Just awesome..Black colour windows looks very good.Gives a luxurious and royal touch to car..


----------



## robertbick (Jan 1, 2011)

I will have to tint my windows too when I get my black Cruze. Yours just looks too good. About how much does it cost to get done?


----------



## cruzetroy (Dec 14, 2010)

The dealer did it for me as part of my deal. I payed about $750 under invoice for my car but my dealer is the best. I did have to trade back to him a 06 CTS that had a few serious issues like burning a quart of oil every 900 miles. Believe it or not I got $2500 in incentive cash towards a new GM vehicle and a few hundred short of Excellent Kelly Blue Book value for the CTS which was far from excellent at the time. 

Bottom line is I believe the window tint is around $200 at Zeibart and probably less if you have your dealer do it as part of the deal because they would get a discount for volume service.


----------



## 4L4N (Jan 12, 2011)

How did you alter the emblems like that?


----------



## shawn672 (Oct 31, 2010)

4L4N said:


> How did you alter the emblems like that?

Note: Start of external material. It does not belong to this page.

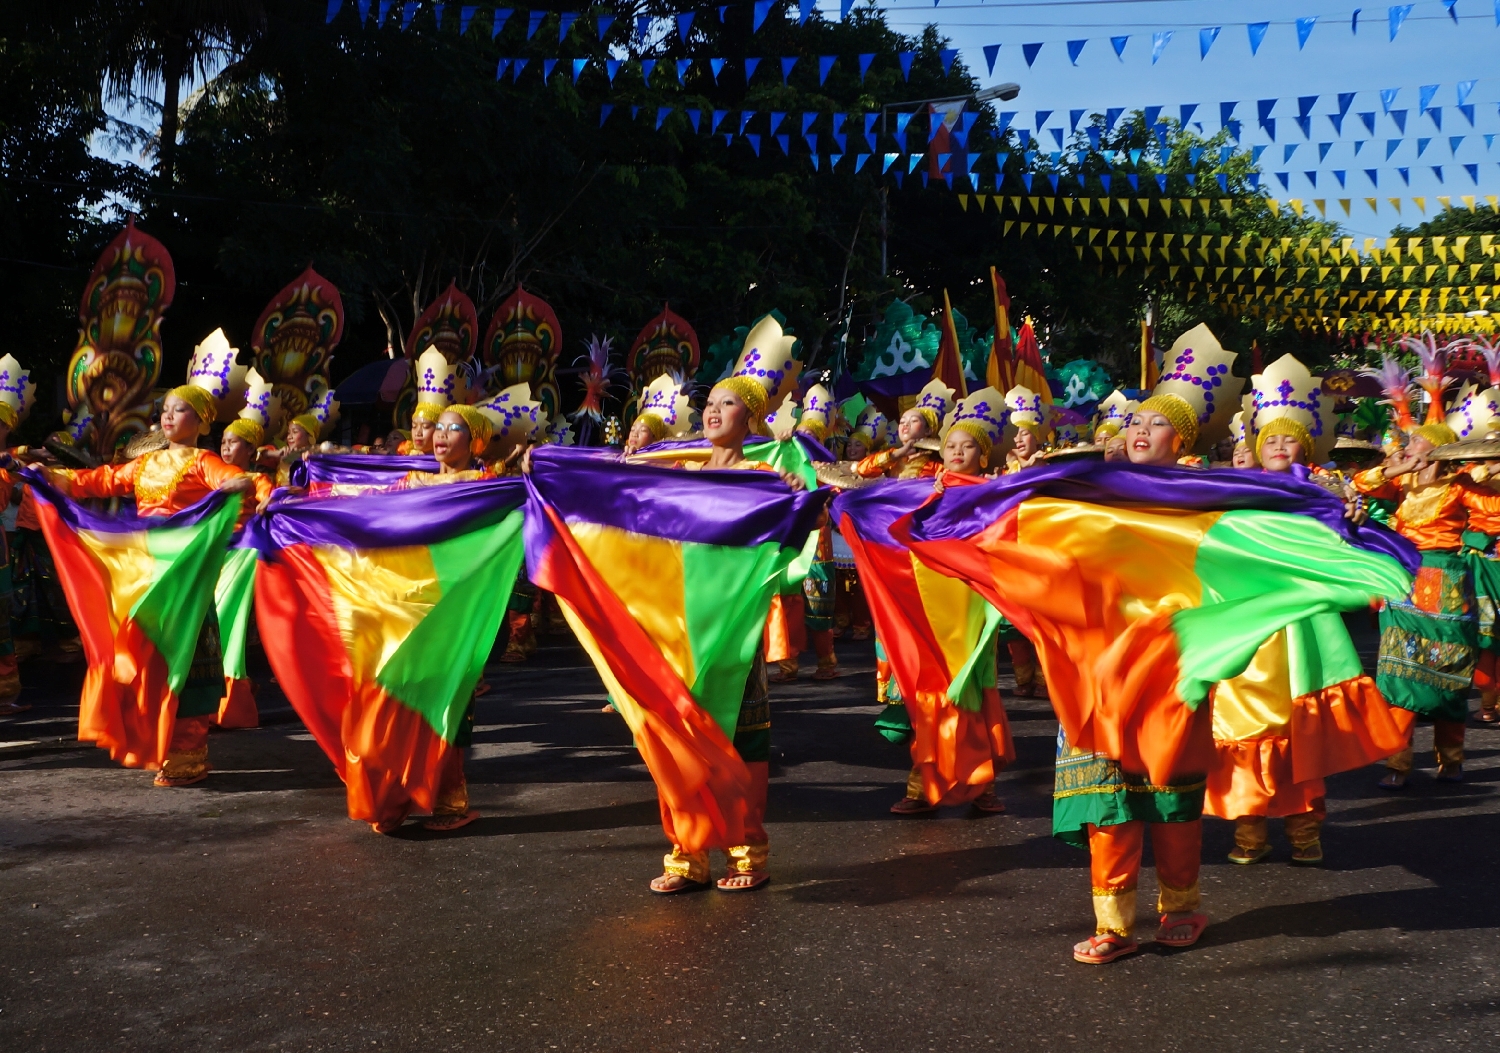 Tnalak Festival Street Dancing Competition is one of the most colorful in Mindanao

 He took it to a shop who did it for him. I'm going to look this weekend and figure out how they come apart maybe.. if it doesnt snow too much


----------



## 70AARCUDA (Nov 14, 2010)

...according to GM, the logo (#18) detaches from the bumper assembly:


----------



## Knightslugger (Jan 11, 2011)

they may use an adhesive to attach it though.


----------



## fastdriver (Jan 7, 2011)

cruzetroy said:


> Black LTZ with 20% Black Window Tint, Blacked Out Side Markers, and Blacked Out Bowtie Logos.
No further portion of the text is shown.